Hundreds of runners braved a heart-rending climb into the Alps at Switzerland’s Glacier 3000 Run on Saturday, albeit on a shortened route as summer heatwaves melted the ice.
The 14th edition of the event was back with no restrictions, having been canceled in 2020 due to Covid-19 and held in 2021 with restrictions due to the pandemic.
The race is normally run over 26.2 kilometers but this year was held on a slightly modified 25.2-kilometer track due to the melting of the glaciers, with the final pass over its surface being shortened.
“The accelerated melting of the top layer of the glacier created a bulge and a soft layer into which the runner sinks,” said race director Oliver Hermann.
“Rather than intervene to smooth the way, we preferred to deviate from the course.”
The finish line is 1,886 meters higher than the start, at almost 3,000 meters in the mountains at the top of Scex Rouge.
The route begins in the jet-set ski resort of Gstaad at 1,050 meters above sea level.

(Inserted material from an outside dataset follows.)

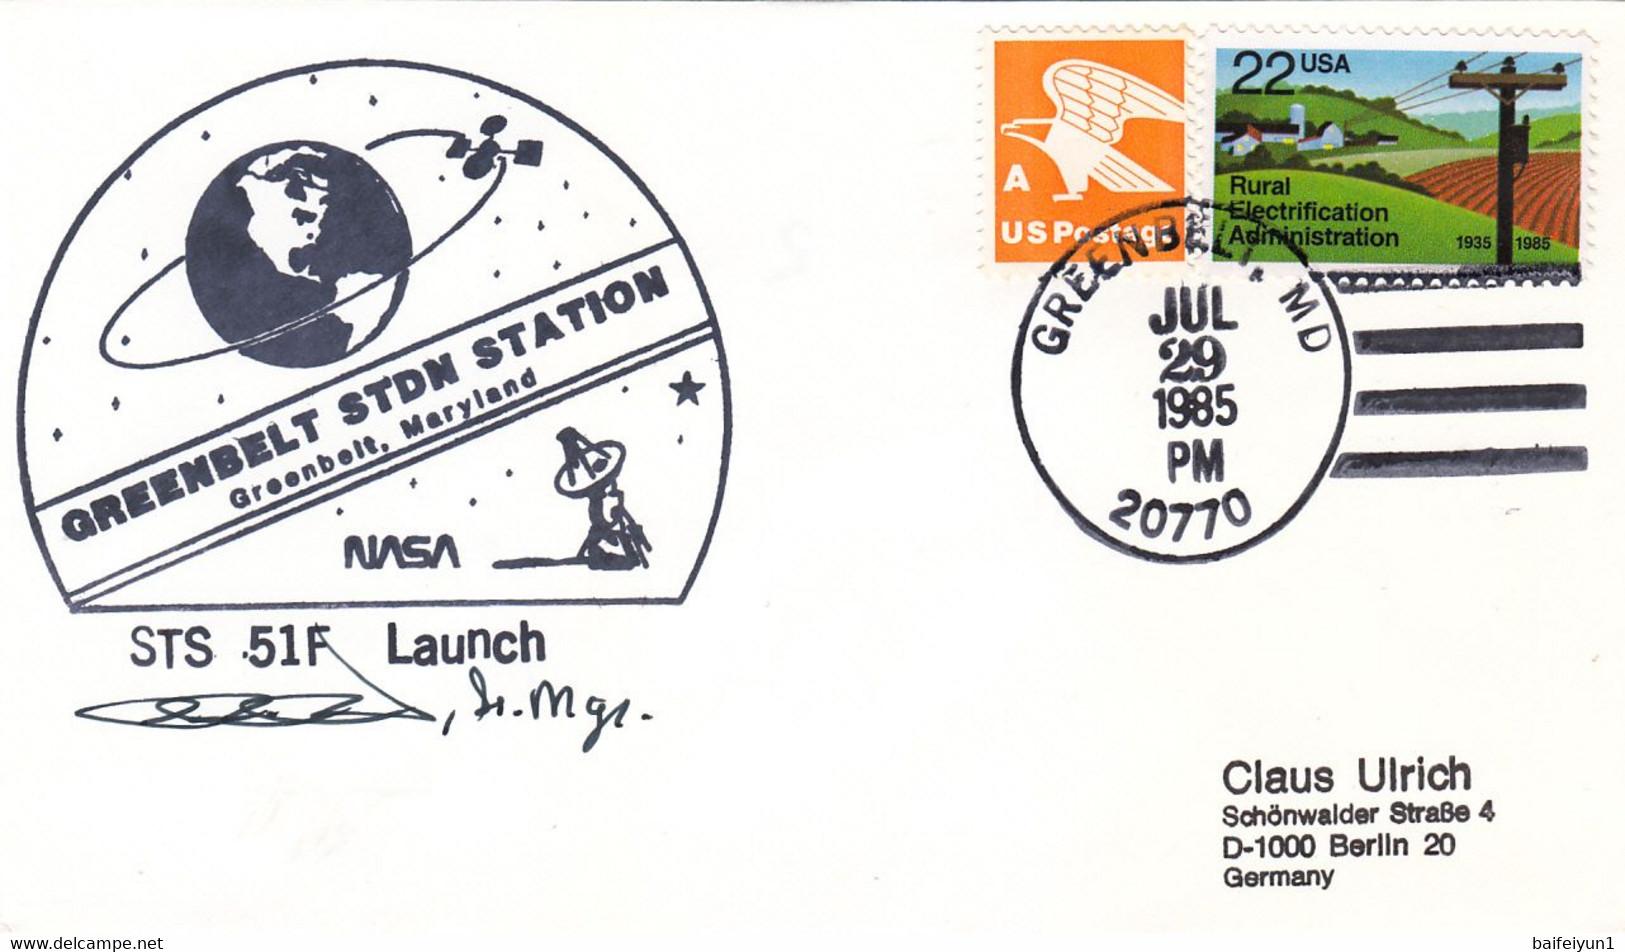 1985 USA  Space Shuttle Challenger STS-51F Mission And Greenbelt STDN STATION Commemorative Cover - Amérique Du Nord

It winds through forests and green mountain pastures before plunging into rocky, lunar-like landscapes and taking in the Tsanfleuron Glacier.
The route follows the Saane upstream for 15 km before climbing 1,800 meters in altitude for the remaining 10 km to the finish line – at 2,936 meters.
311 men and 98 women completed the individual course, and 50 teams of two took part.
The first man to finish was Kenyan competitor Geoffrey Ndungu in two hours and 17 minutes. Last year he took second place.
He was followed by his compatriot Abraham Ebenyo Ekwam in 2:21 and the Swiss Jonathan Schmid in 2:23.
Victoria Kreuzer was the first woman to finish in 2:46 ahead of Nicole Schindler and Pascale Rebsamen – a clean Swiss victory.